**Provided data:**

+++++

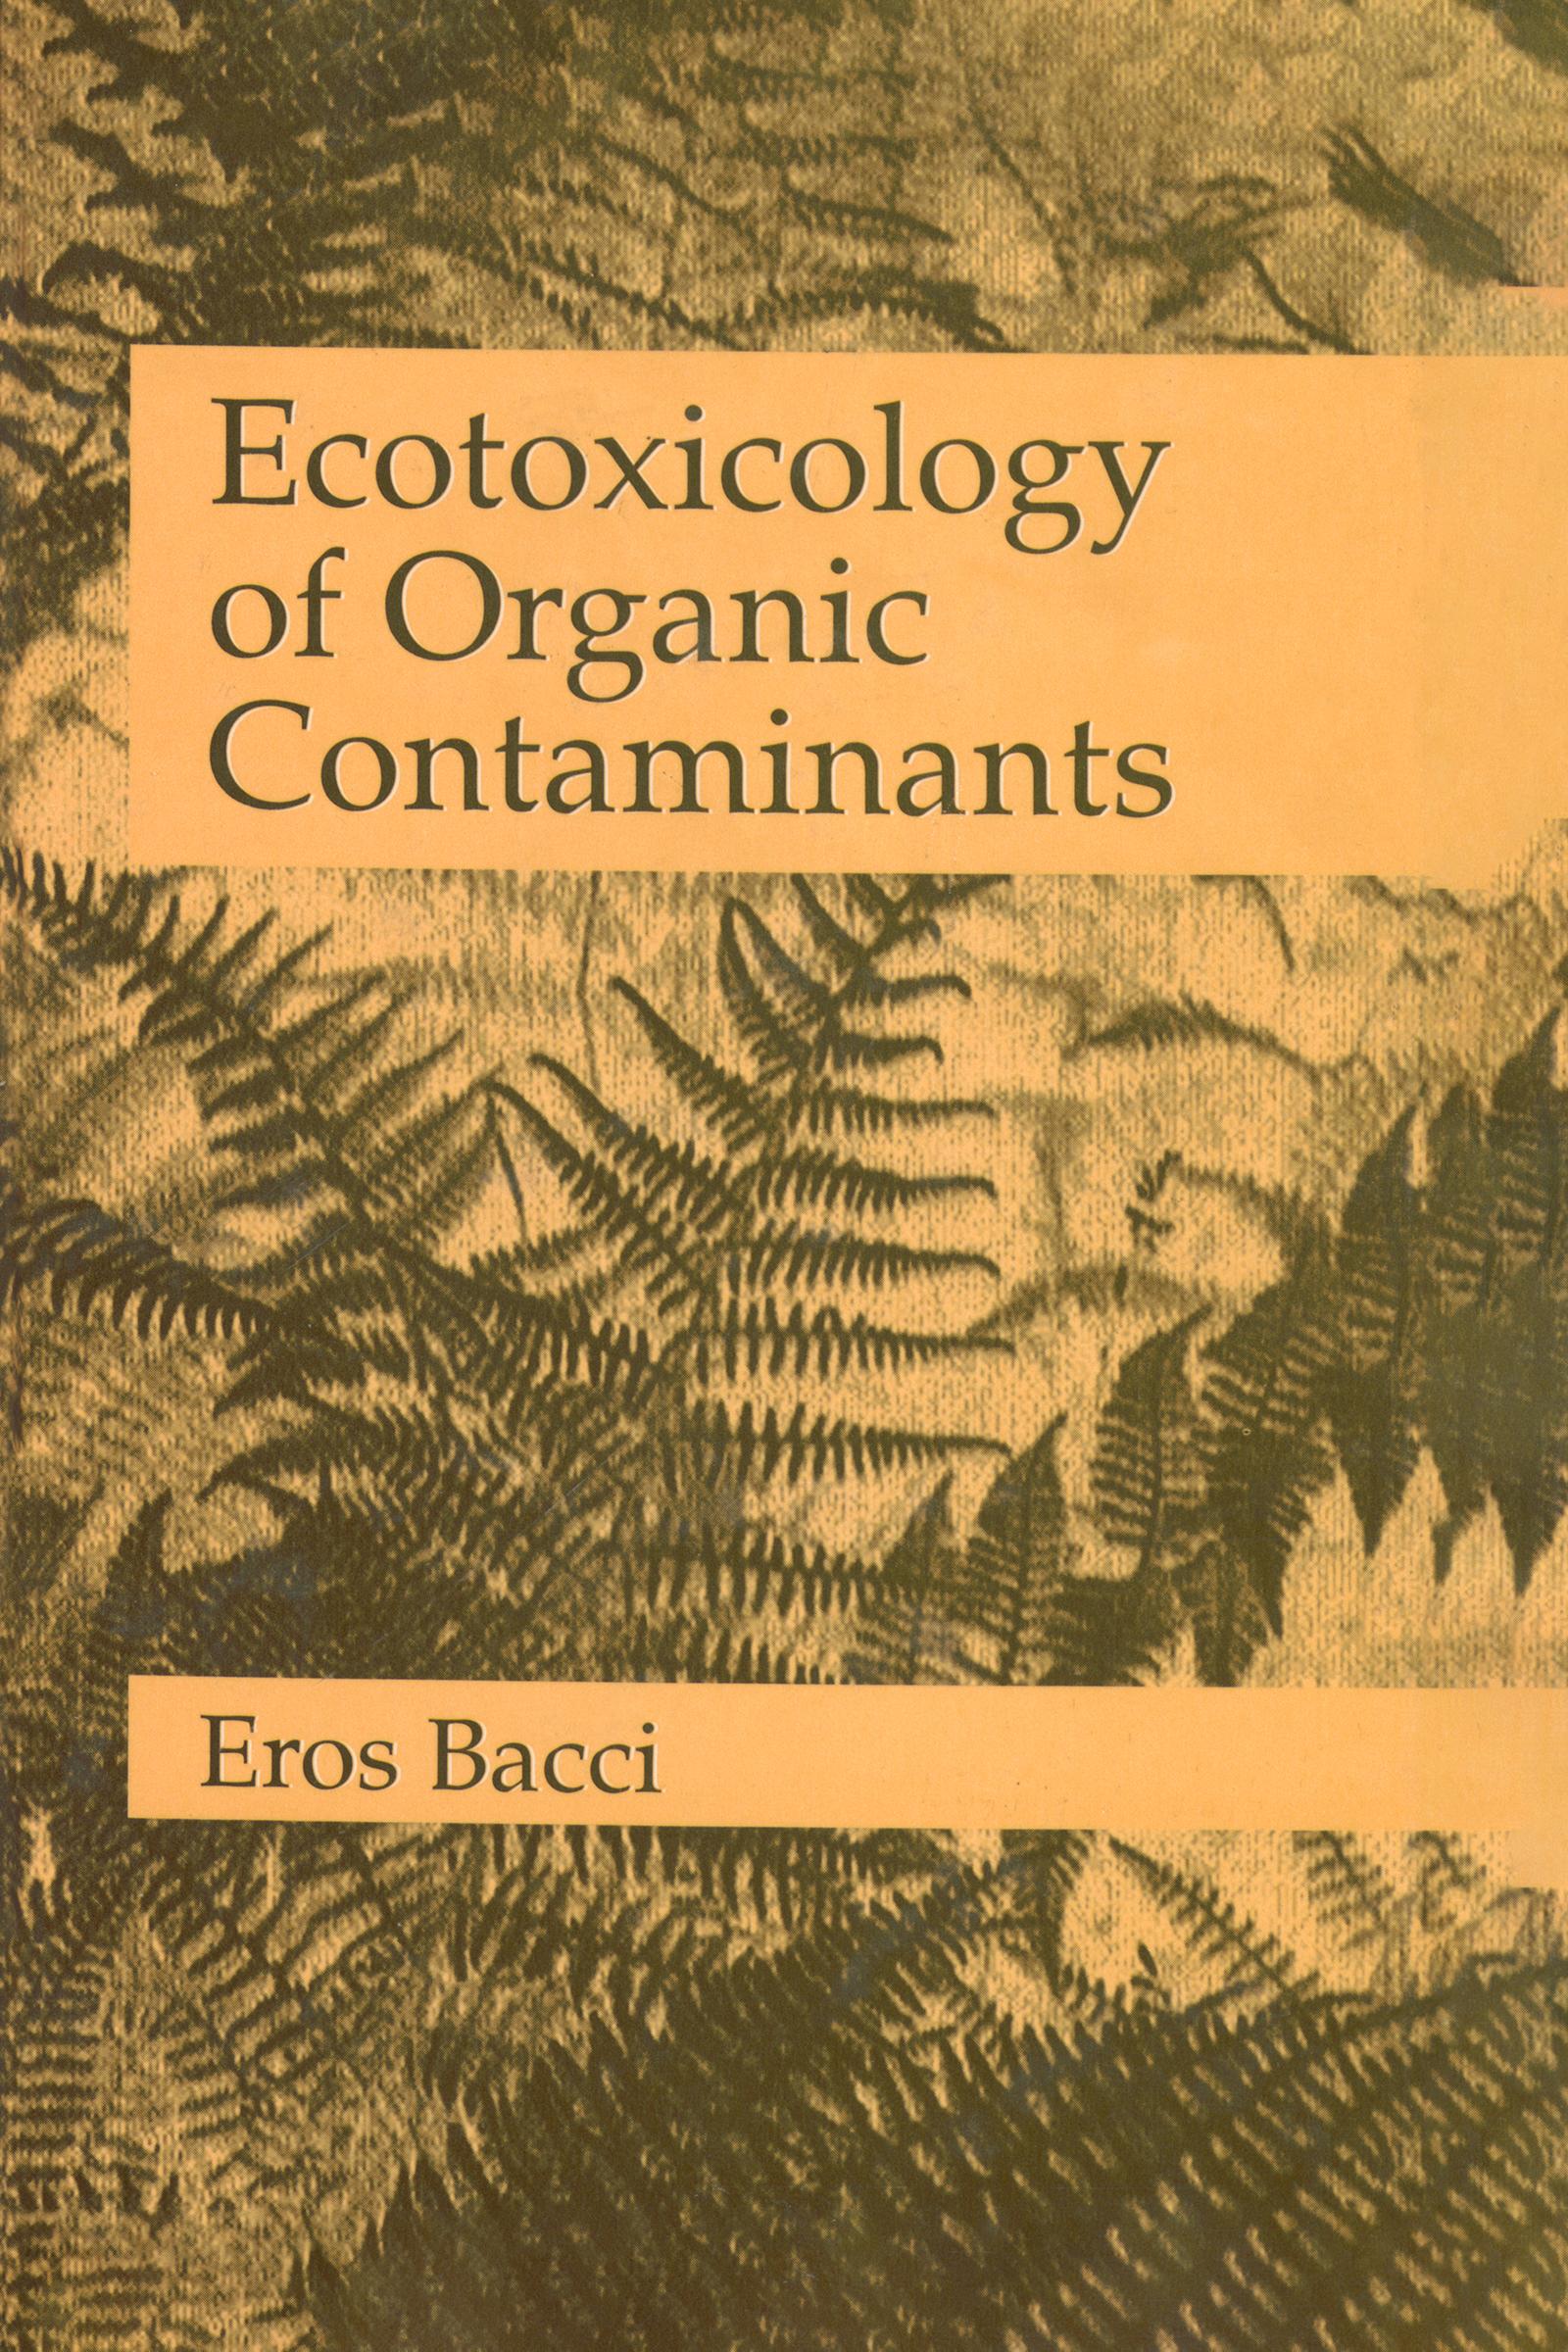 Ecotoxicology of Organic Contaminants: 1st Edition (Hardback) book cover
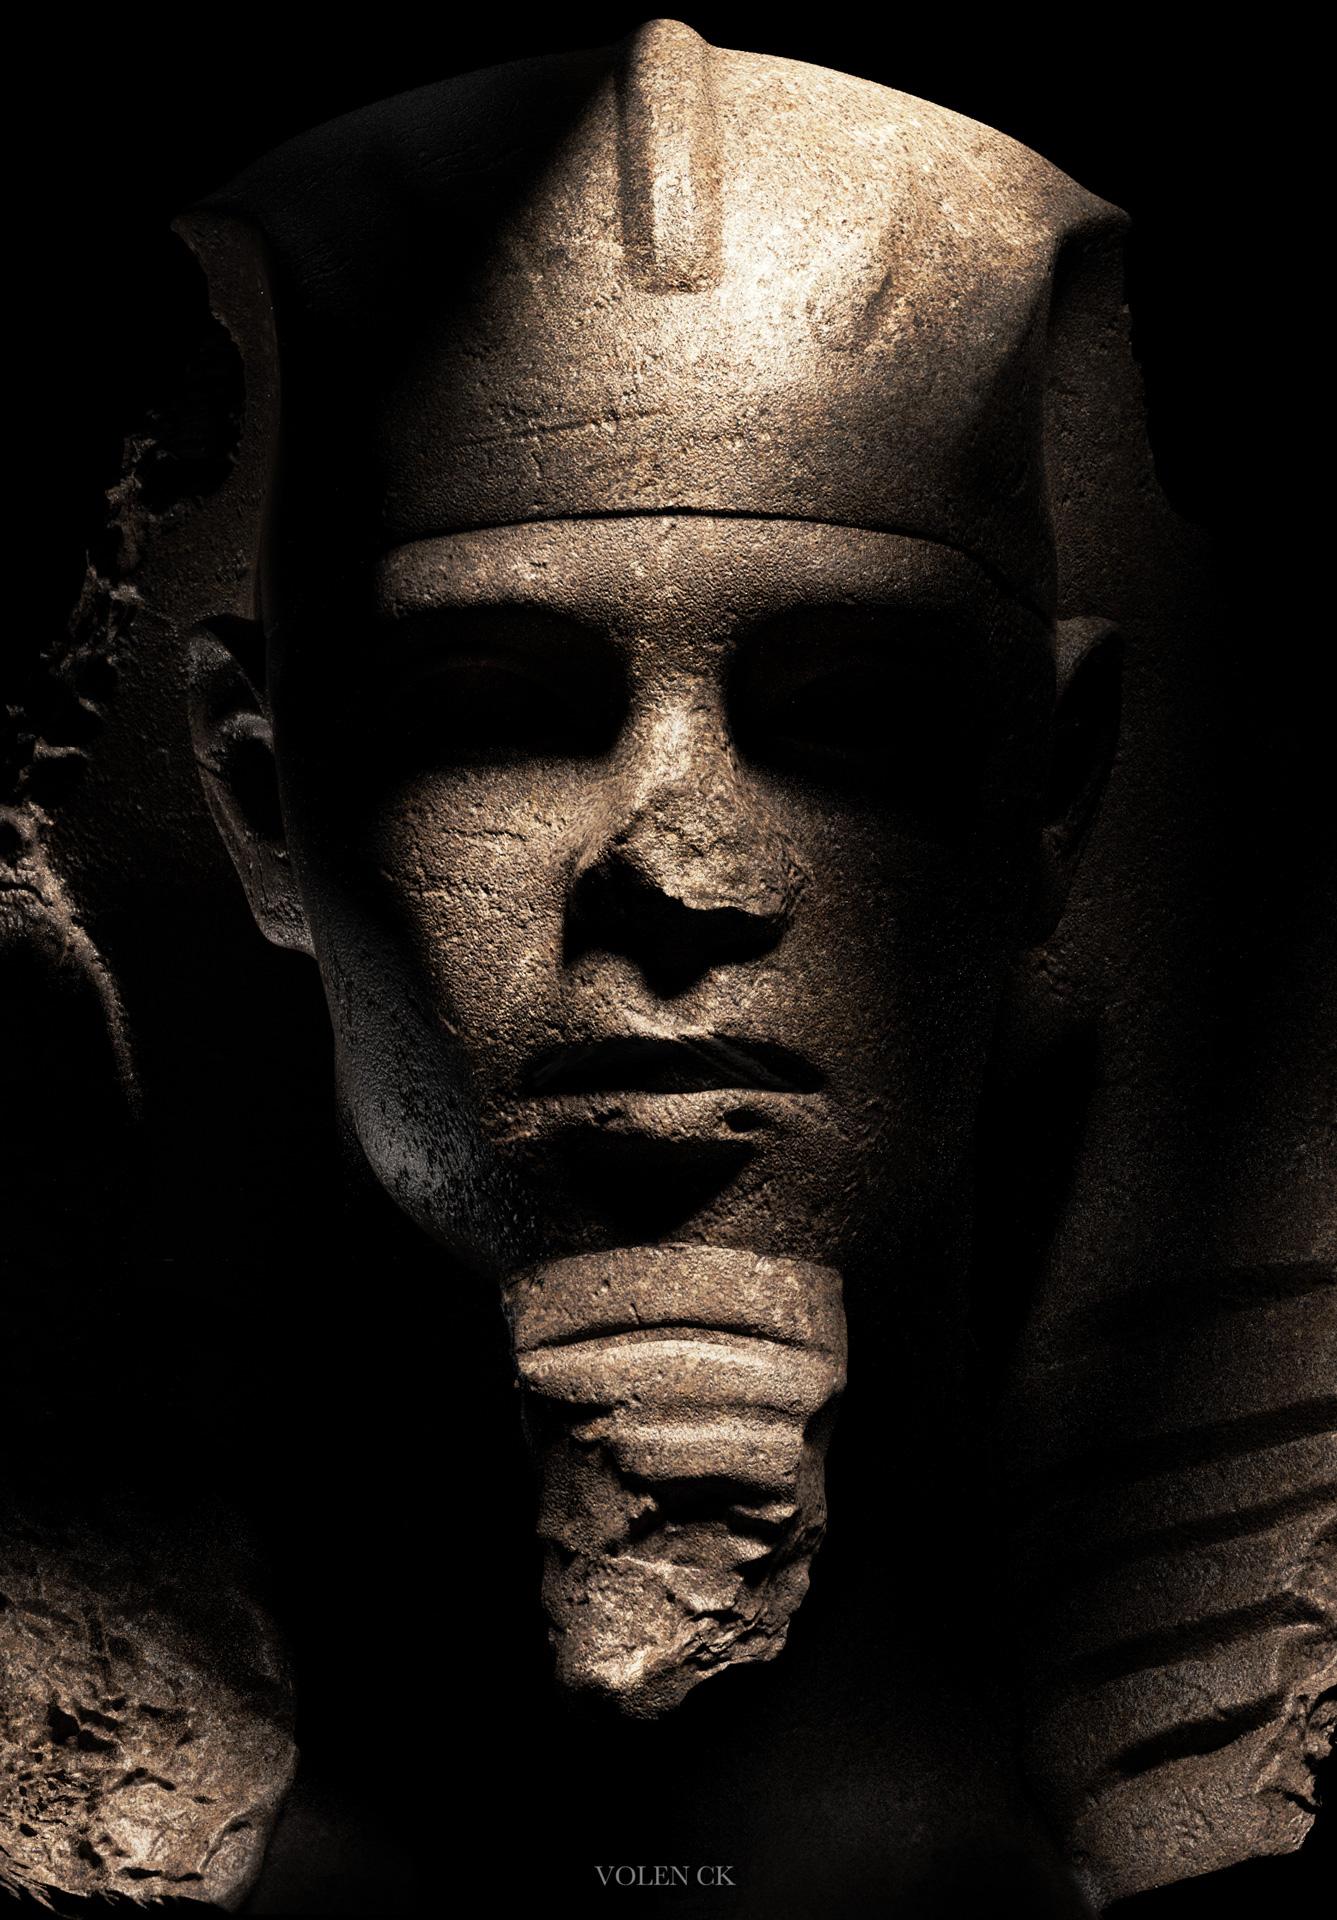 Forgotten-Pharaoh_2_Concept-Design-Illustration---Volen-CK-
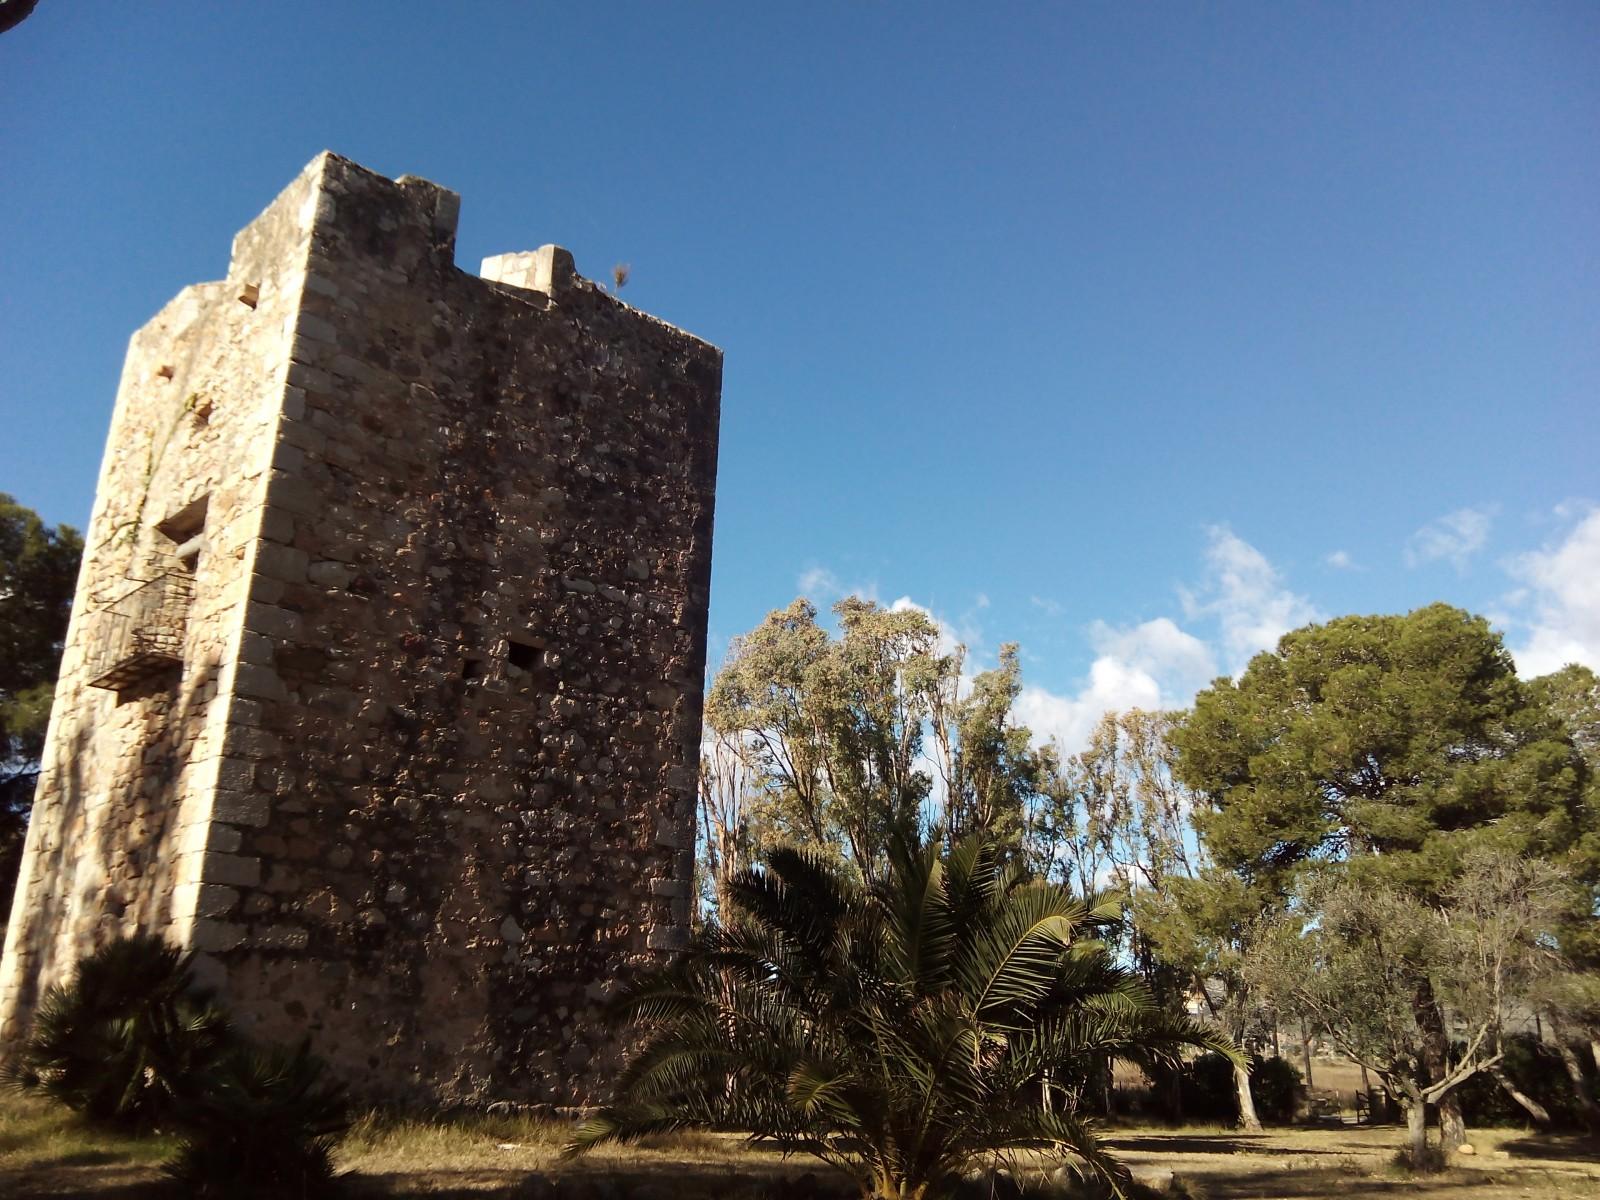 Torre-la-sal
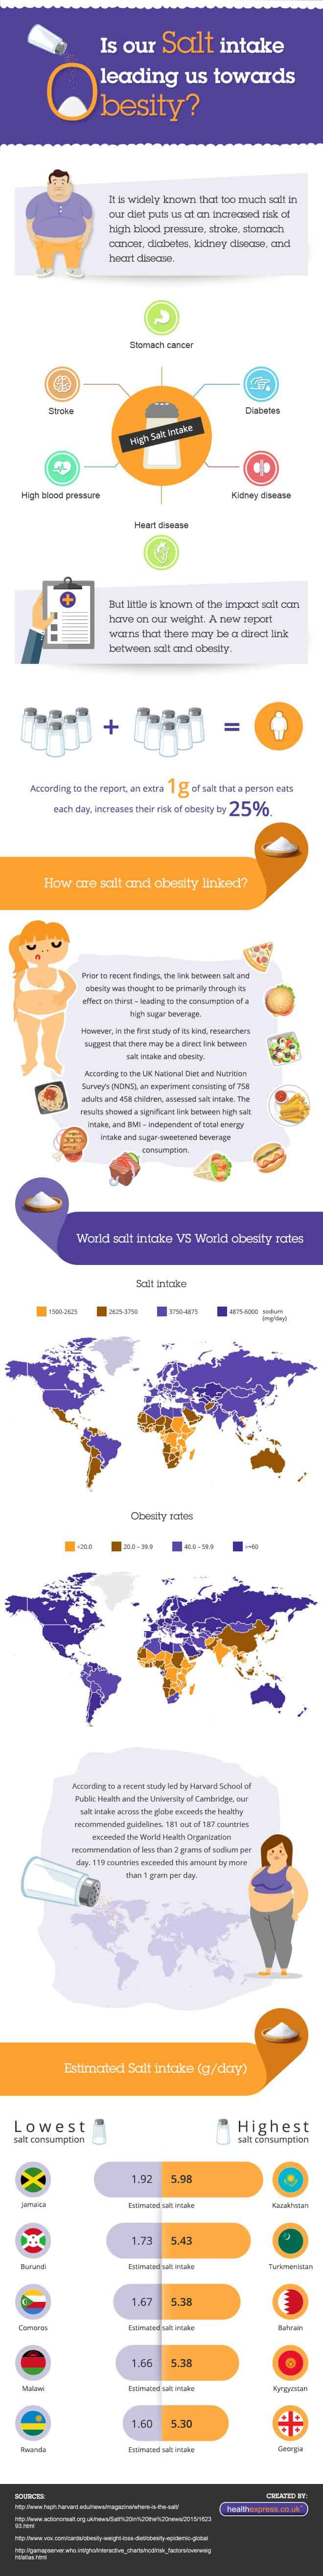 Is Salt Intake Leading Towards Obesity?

+++++

**Exercise:** Write the lines above out again exactly, excluding every picture.

**Completed task:**
 Ecotoxicology of Organic Contaminants: 1st Edition (Hardback) book cover
 Forgotten-Pharaoh_2_Concept-Design-Illustration---Volen-CK-
 Torre-la-sal
 Is Salt Intake Leading Towards Obesity?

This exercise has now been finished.